Note: This is the ﬁrst of what I hope will be a long series of posts on peer-reviewed research. Most of the blogging of this kind that I’ve seen has focused on new research hot oﬀ the presses. I love that sort of interpretation, but I think that the past is important too – despite academia’s focus on the newest and greatest data, there are some really important papers that deserve their own interpretation for the lay public who are interested in science. So, to start, I’m going to dig into the archives and tap a few of the big papers in my own little corner of the world.
And I’ll start with a favourite of mine, which launched an entire school of thought that touched many corners of biology:
As a trivial introduction, a few words on game theory: game theory is the study of optimal behaviour in strategic situations, where the optimal choice that one individual makes depends on the choices of the other individuals involved. A brief, concrete example may help. Imagine a foraging situation in which a solitary bird chooses amongst a ﬁeld of potential food patches. This situation is not best analyzed using game theory, because the bird’s choice is simple: select the patch which maximizes his food intake. However, if we now add in the rest of the ﬂock, the situation changes and game theory is the best way we have of analyzing the new problem. At this point, our focal bird’s choice must necessarily depend not only on the patch that they would prefer, but on the choices of all the other birds simultaneously. If every bird in the ﬂock chooses the same patch, it may now be better for our focal bird to switch to another, less rich patch, because even though their preferred patch is richer they may not actually gain anything from competing to exploit it. (This is a simple example and an even simpler deﬁnition, of course, and I refer reader interested in the mechanics of game theory to the references below). An important term to learn is frequency dependence / independent. In the foraging situation above, the bird foraging alone is experiencing frequency independent payoﬀs, because his payoﬀs depend only upon his own actions. When the rest of the ﬂock shows up and begins to forage as well, the payoﬀs become frequency dependent because now the payoﬀ to a strategy depends on the strategy adopted by every other member of the ﬂock present. Strategies which are increasingly common (more frequent) will experience a change in payoﬀ, negative or positive as per the speciﬁc payoﬀs.
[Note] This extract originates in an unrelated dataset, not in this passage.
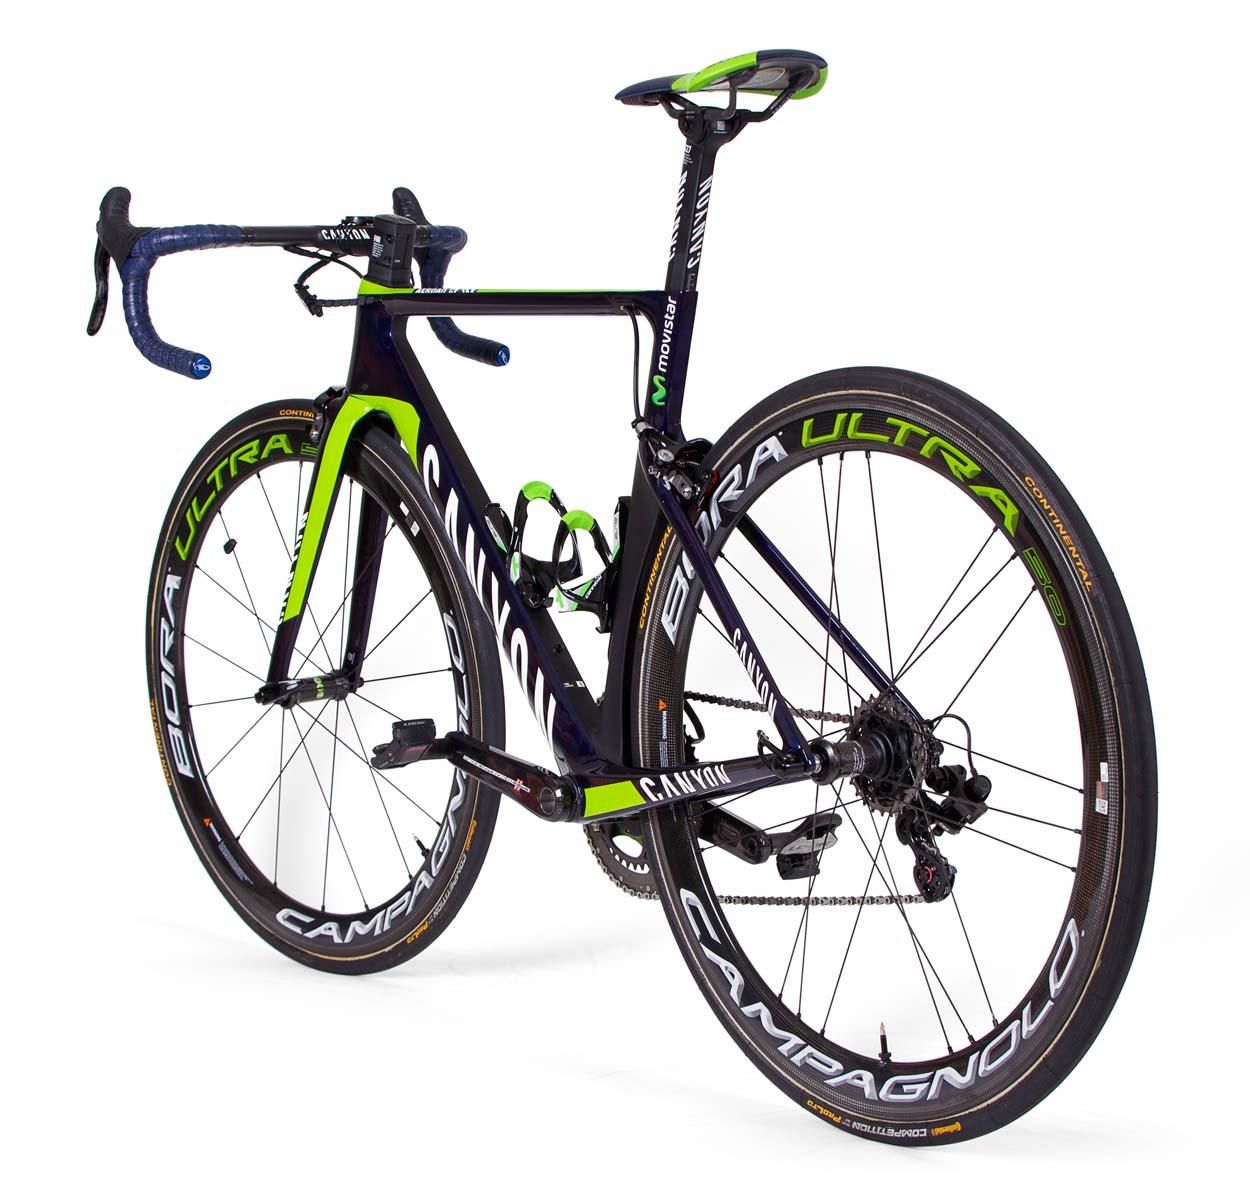 Team bike gallery – Canyon of Movistar - Ride Media
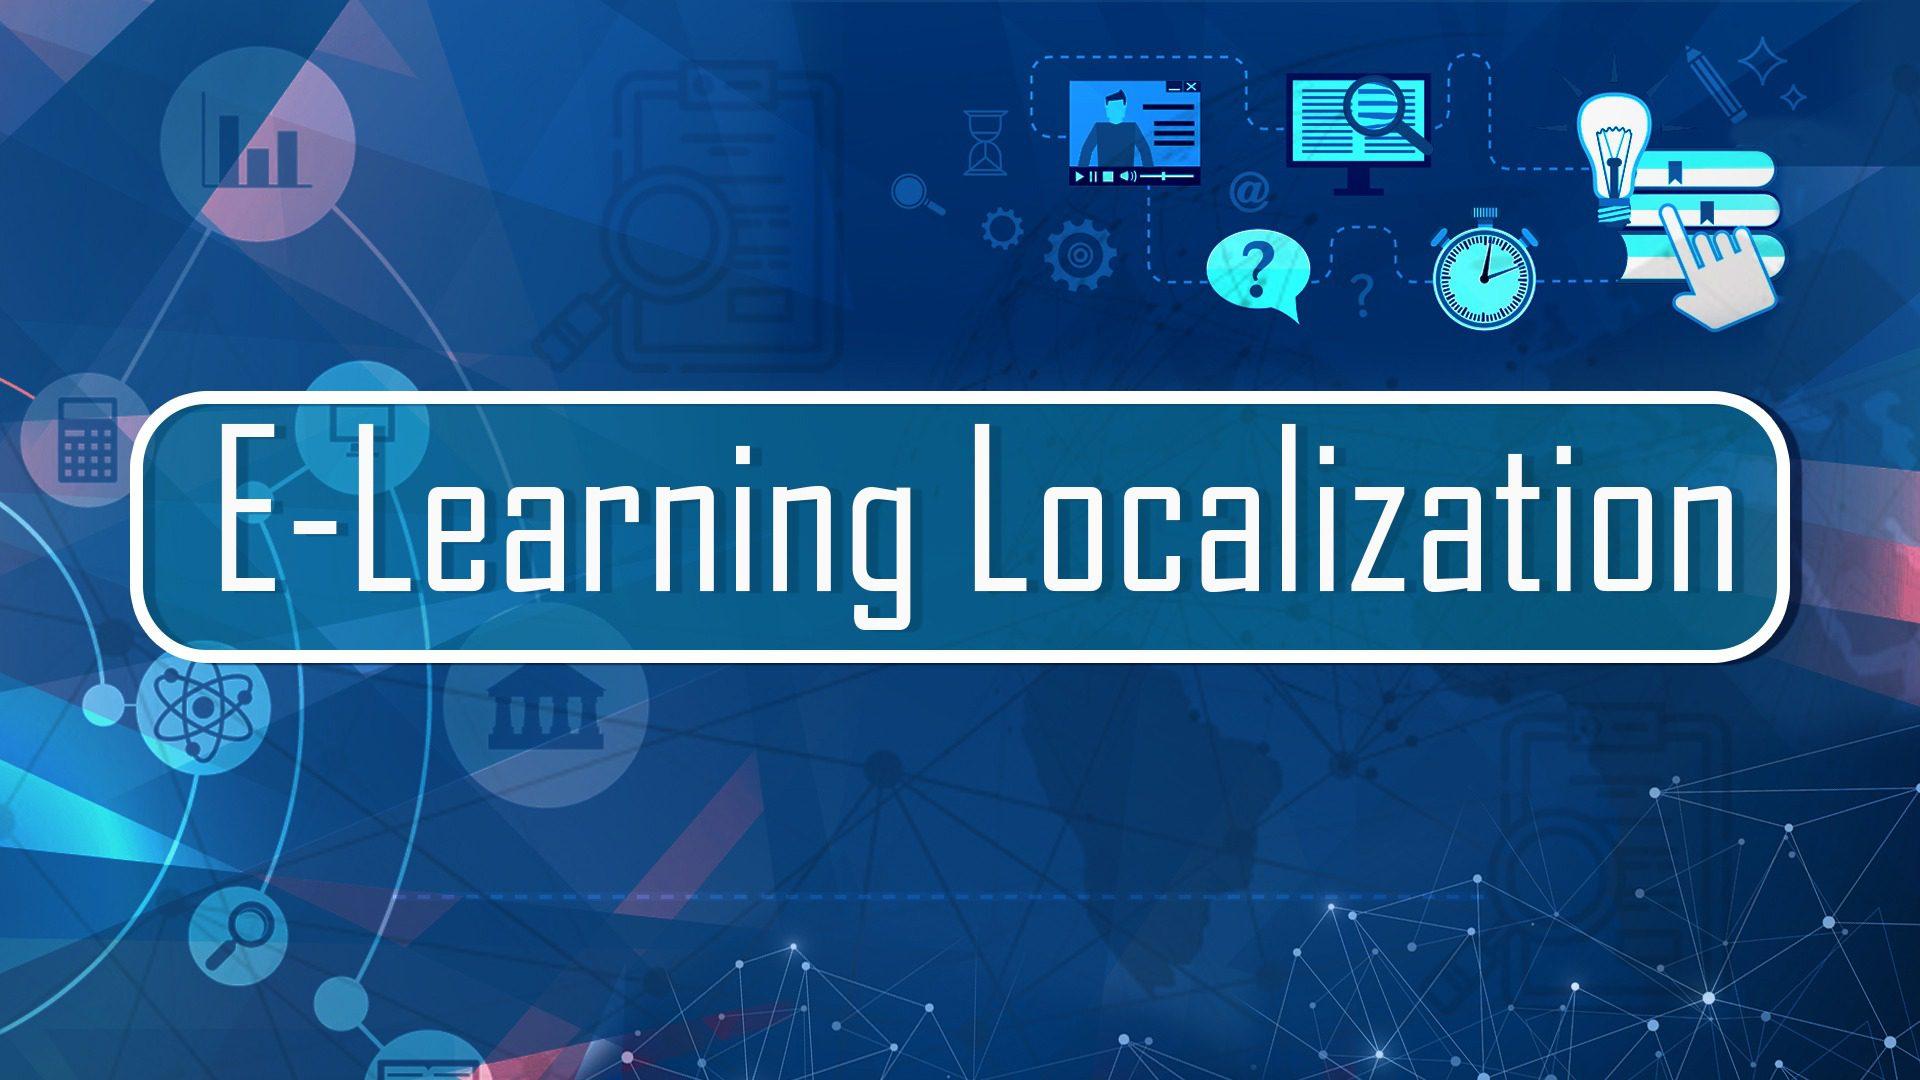 e-learning localization

Game theory as a ﬁeld began to acquire a shape and form when Oskar Morgenstern and John von Neumann published a book called Theory of Games and Economic Behaviour (1944), and the applications to economics and other ﬁelds like political science were immediate and highly inﬂuential. A ﬂood of research followed, with scholars like John Nash, Anatol Rapoport, and Reinhard Selten leading a charge into the new and complex formal mathematics that underlies game theory. However, penetration into my ﬁeld, biology, was limited until the 1970s, when a small paper in the journal Nature appeared, with John Maynard Smith and George R. Price as the authors (Maynard Smith & Price, 1973) .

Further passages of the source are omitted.